In addition to the school's football program, Poly's sports include basketball, soccer, cross-country, track and field, lacrosse, baseball, hockey, swimming, tennis, volleyball, and wrestling. The boys' basketball team won three state championship titles in a row between 2016 and 2019. The Poly "Engineers" baseball team has won nine Baltimore City championships since 2005 under head coach Corey Goodwin.

=== Football ===
Since the early 1900s the "Engineers" of the Polytechnic Institute, along with longtime arch-rival The Baltimore City College's, "Collegians" / "Black Knights" had dominated the old public – private schools athletic league of the Maryland Scholastic Association (M.S.A.) which existed 1919 to 1993 in the local prep sports scene.

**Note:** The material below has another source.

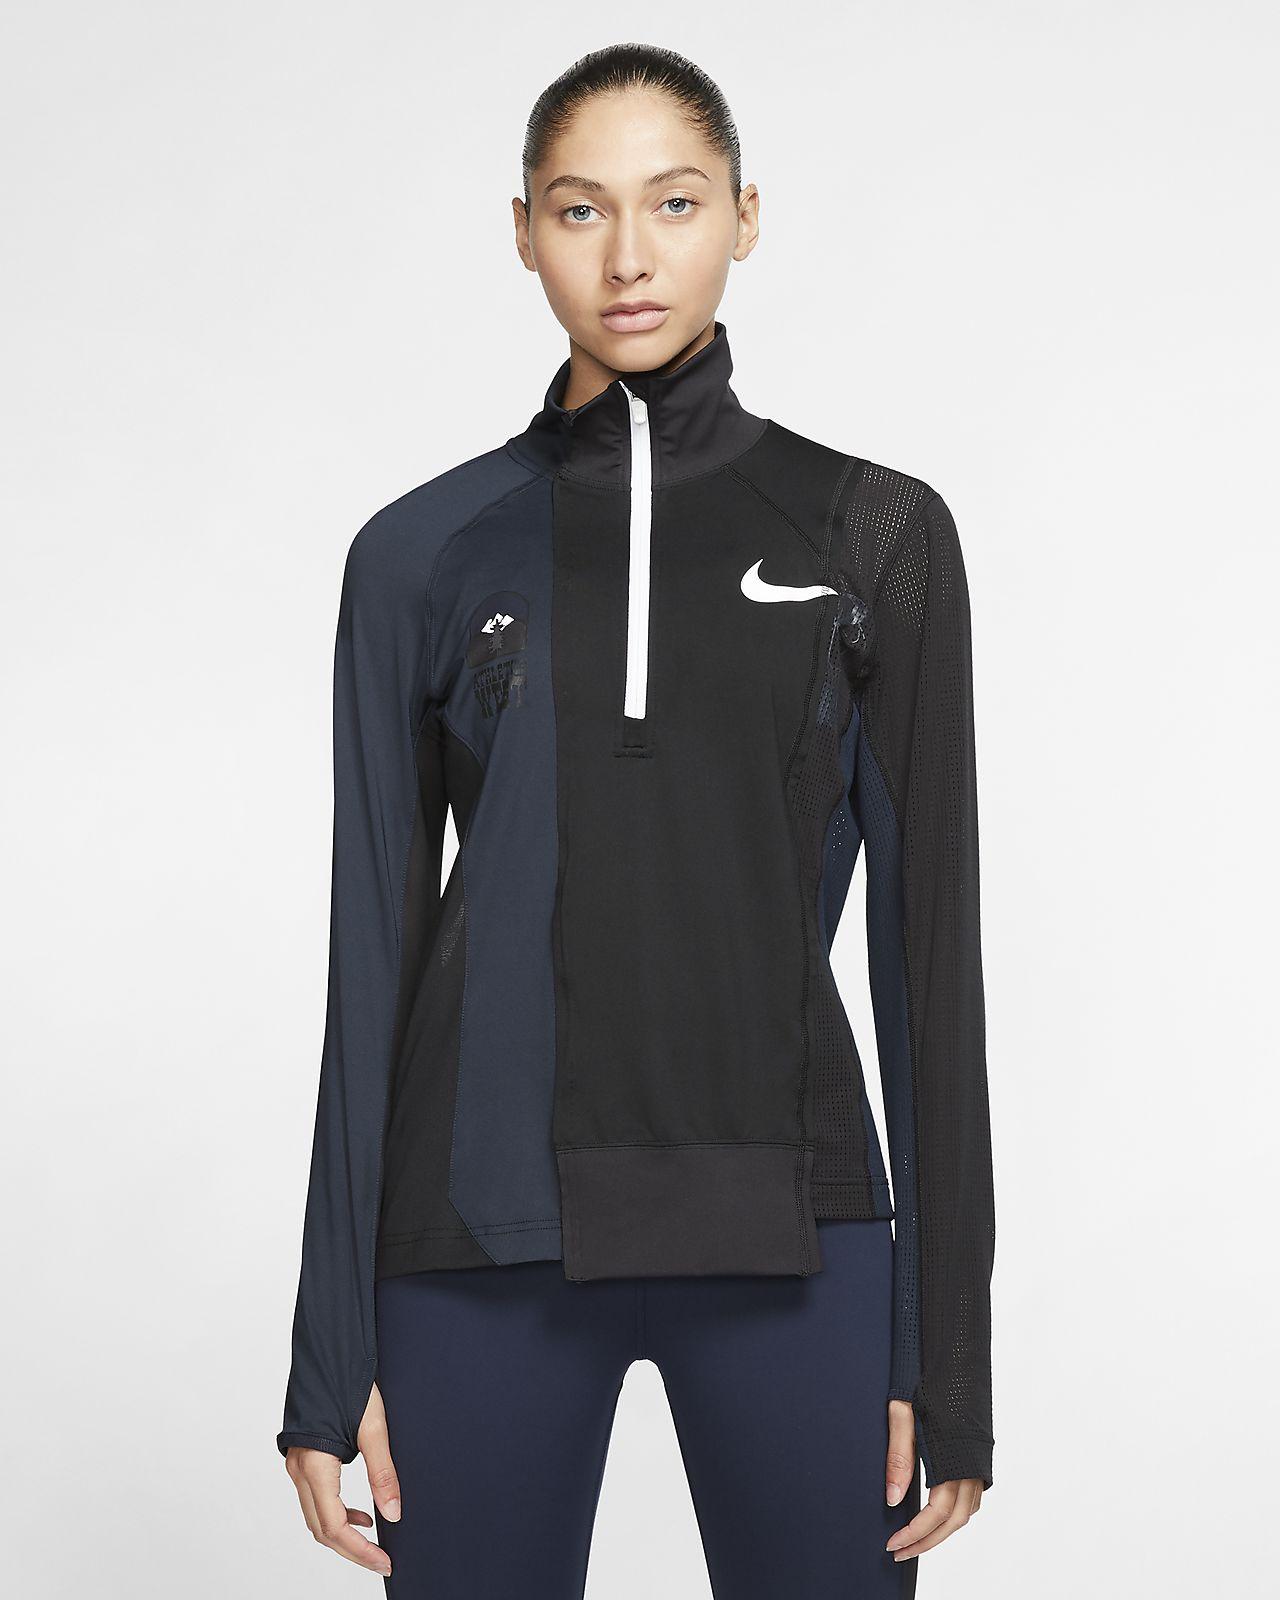 Nike x Sacai Women's Half-Zip Running Jacket

However, since joining the newer state-wide Maryland Public Secondary Schools Athletic Association (MPSSAA – founded 1946) in 1993, Poly made it to the final playoff football game once in 1993, the semi-finals once in 1997 and the quarterfinals in 1994 and 1998.

==== Poly and City ====
The Poly-City football rivalry is the oldest American football rivalry in Maryland and one of the oldest public school rivalries in the United States.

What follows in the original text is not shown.